G-gen の min です。Looker Studio から BigQuery をデータソースとして利用する際、意図しない挙動により BigQuery の利用料金が高額になるケースがあります。本記事では、特に CURRENT_DATE()
のような非決定性関数を使用した場合のキャッシュの扱いや、プルダウンリストのコントロールによるクエリ発行時に注意が必要な挙動がありました。その共有と対策を解説します。
コスト増の原因になる挙動
Looker Studio レポートから BigQuery テーブルをデータソースとして使用しているとき、BigQuery の利用料金が想定を超えて高くなる原因として、2つの挙動を例示します。
これらの挙動は、予期せぬスキャン量の増加やコスト発生につながることがあります。
1. CURRENT_DATE()
使用によるキャッシュ無効化
BigQuery に対して実行されるクエリで CURRENT_DATE()
のような非決定性関数(実行されるたび出力が変わる関数)を使用していると、BigQuery のクエリキャッシュが適用されません。
- 参考 : クエリのキャッシュの例外
例えば、以下のケースでは、クエリが毎回再実行されます。
CURRENT_DATE()
を使用して「今日から過去〇日間」のデータを取得するテーブルを作成- そのテーブルを Looker Studio のデータソースとして使用
こういったケースでは、レポートの再表示やフィルタ操作を行うたびにスキャンが発生し、キャッシュが利用されないため、BigQuery 利用料金の増加につながります。
2. プルダウンリストのコントロールによるクエリ増加
Looker Studio のレポートに配置するプルダウンリストのコントロールは、以下のタイミングで BigQuery にクエリが発行されます。
- フィルタの選択肢を表示するためのデータ取得時
- ユーザーがフィルタの値を変更したとき
例えば、表グラフが 1 つ、プルダウンリストのコントロールが 4 つある構成のレポートについて考えます。レポートを開いたりフィルタを操作したりするたびに、合計 5 件以上のクエリが一度に実行されます。

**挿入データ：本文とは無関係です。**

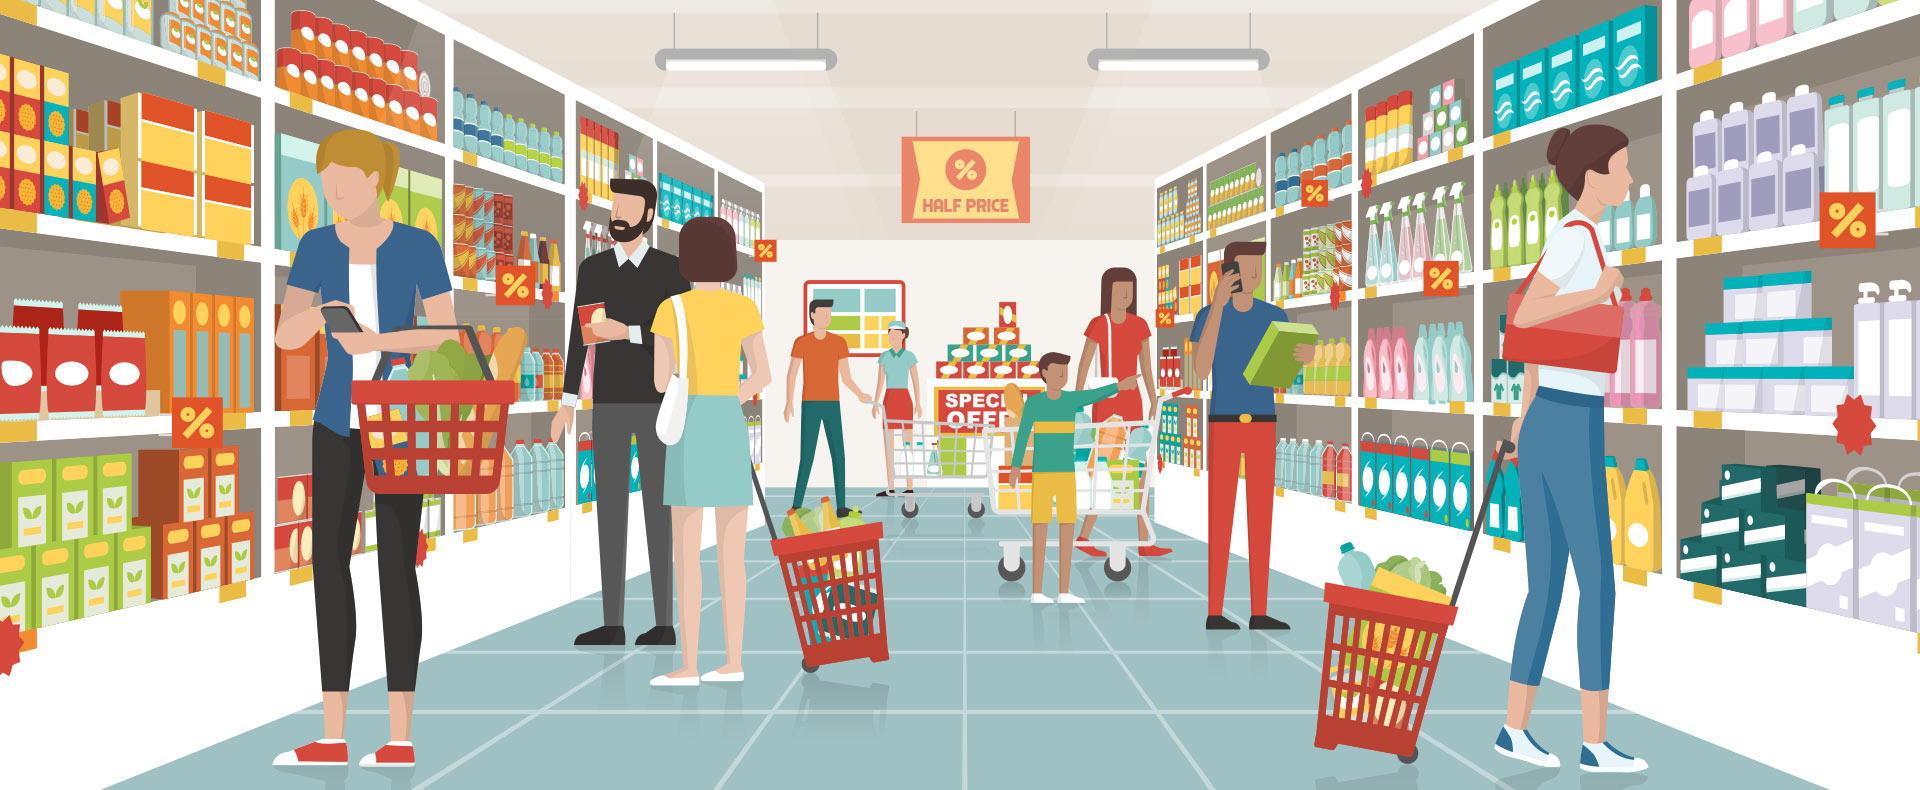 Ilustración de personas en un supermercado

このケースでは、グラフやプルダウンリストのコントロールが参照しているデータリソースに対するデータスキャン量とそれに伴うコストが増加します。
具体的な対策
BigQuery のスキャン量とコストを削減するための具体的な対策を以下に説明します。
対策 1-1 : 非決定性関数の除外
最も直接的な対策は、クエリから CURRENT_DATE()
のような非決定性関数を削除することです。ただし、この方法ではデータの取得期間が固定されるため、動的な期間指定には別の工夫が必要です。
対策 1-2 : テーブル関数の使用
ビューを使用する場合、BigQuery のテーブル関数(Table Valued Function、TVF)を検討します。テーブル関数はパラメータを受け取ることができ、ビューのように振る舞います。さらに、動的な条件に基づいてデータをフィルタリングできるため、動的な期間指定が行えます。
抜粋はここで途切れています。